Steps to achieve the final suture configuration utilizing the double-loaded patellar suture anchors for (A) a locking Krackow stitch and (B) modified Mason-Allen stitch, followed by (C) Ethibond sutures for further soft tissue fixation of the graft.

Here, we can now see the final construct with the soft tissue suture configuration proximally and osseous fixation distally with the Achilles bone block being fixated in the tibia to span the entire construct.

Postoperative rehabilitation consists of weight bearing in full extension and a brace locked out without any motion until 6 weeks after surgery. We work on range of motion approximately 15° per week starting at 6 weeks getting to at least 90° of flexion by 12 weeks and full range of motion after that. We limit significant strengthening and squatting-type activities until 3 months after surgery. General pearls and pitfalls include making sure that the retinacular closure is done in a complete method in the setting of a chronic rupture. Sometimes, this requires imbrication as there may not be a formal tear in this area.

It is also helpful to get the bone-to-bone healing with the Achilles allograft in the tibia using an interference screw which can be backed up with a suture anchor as well to prevent displacement in the early postoperative. It is key to get the quadriceps tendon natively down to the proximal pole of the patella even if this requires a quadricepsplasty to obtain this. It is better to have some native tissue connecting as well as the augmentation with the allograft.

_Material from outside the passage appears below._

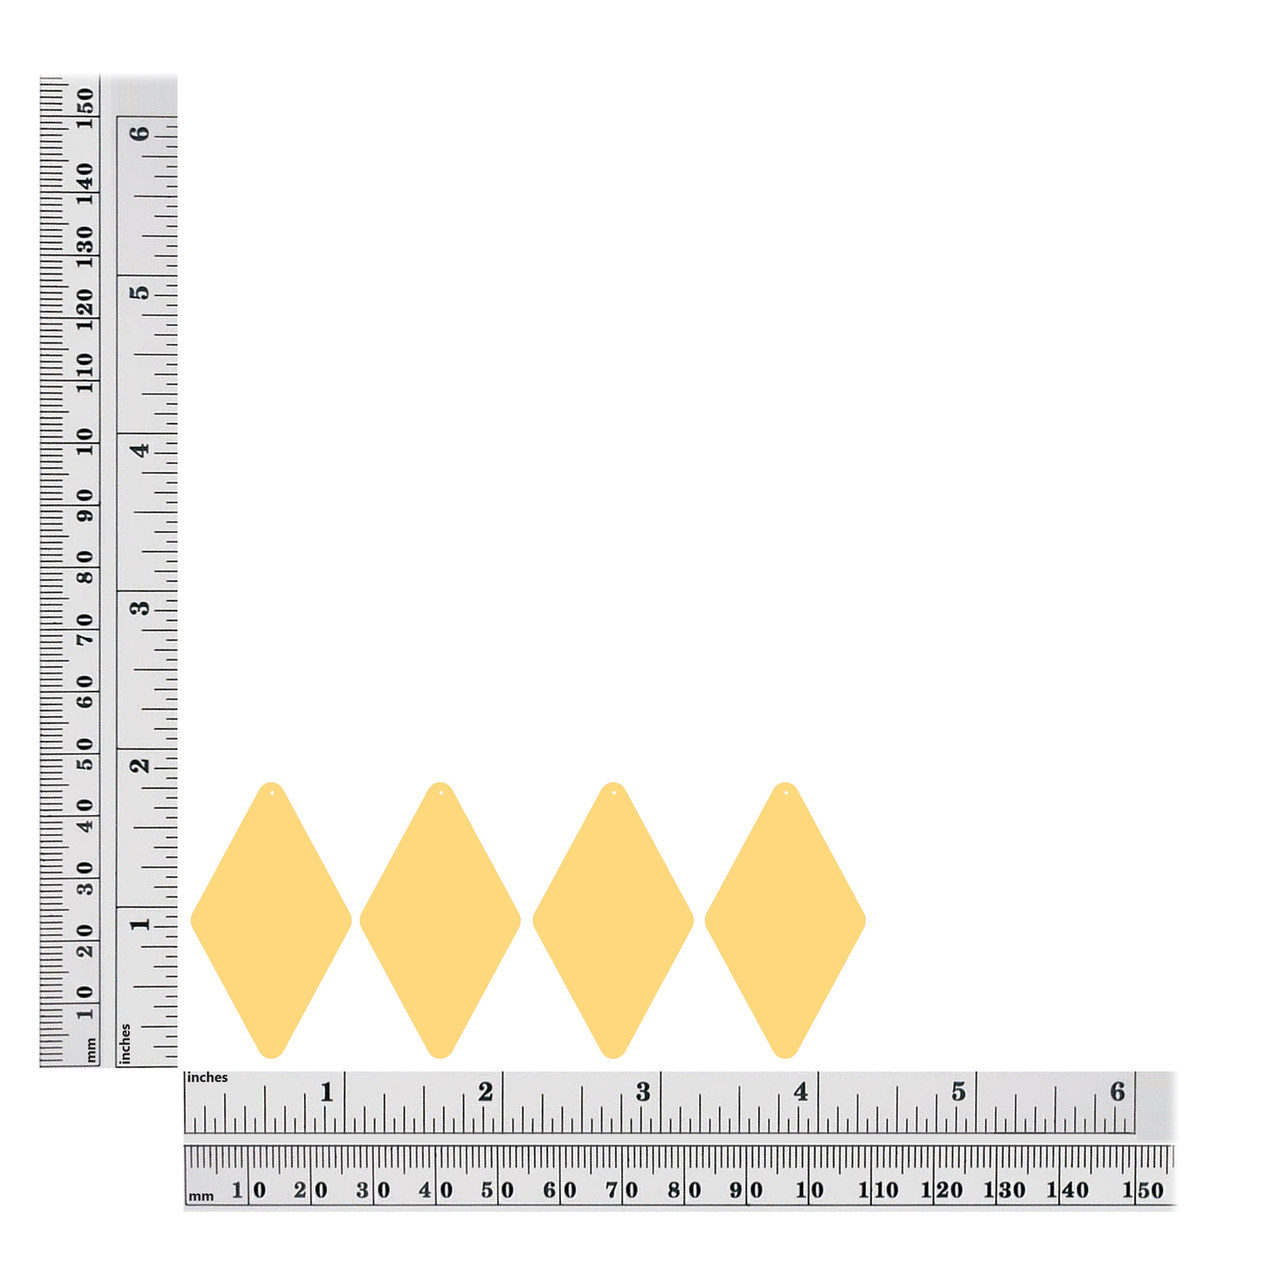 1-75-inch-diamond-sequins size chart
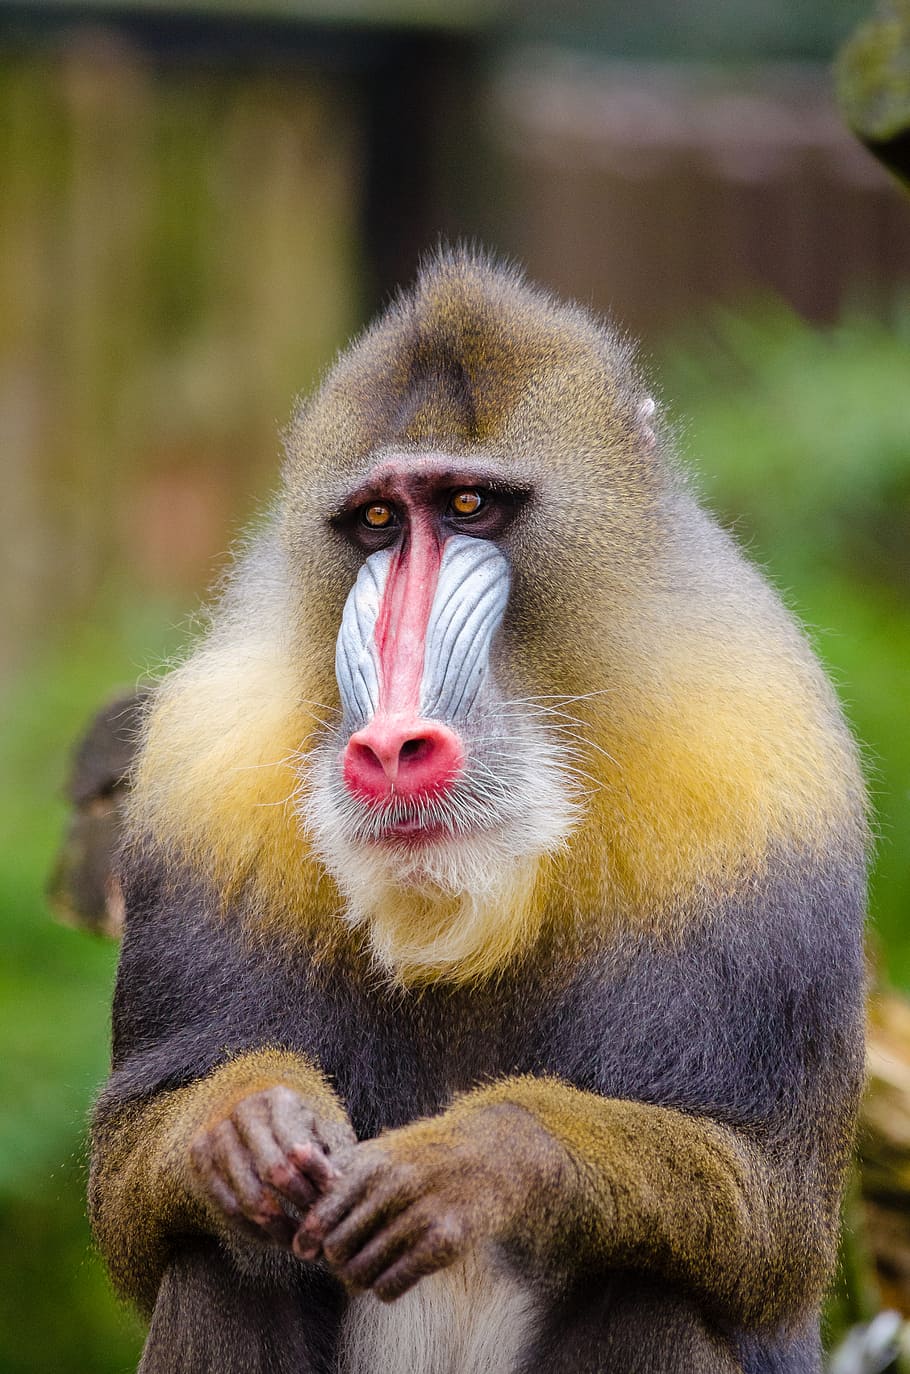 baboon, primate, animal wildlife, animals in the wild, mammal, one animal, vertebrate, focus on foreground, day, close-up

Care should be taken to avoid chronic patella baja that is not corrected at the time of reconstruction performing a fat pad release as well as scar release adjacent to the patellar tendon.

The outcomes of allograft reconstruction for extensor mechanism injuries have been reported on, and the series seen here followed up 14 patients for an average of 52 months and saw that 25% approximately still had residual extensor lag after the procedure. They did have significant improvements in their patient-reported outcomes in general, and they were able to perform a straight leg raise at the final follow-up and did not have overt failure. The average satisfaction was 6 of 10.

References for this talk can be seen here.

Thank you very much for allowing us to present our technique on quadriceps tendon repair with Achilles tendon augmentation.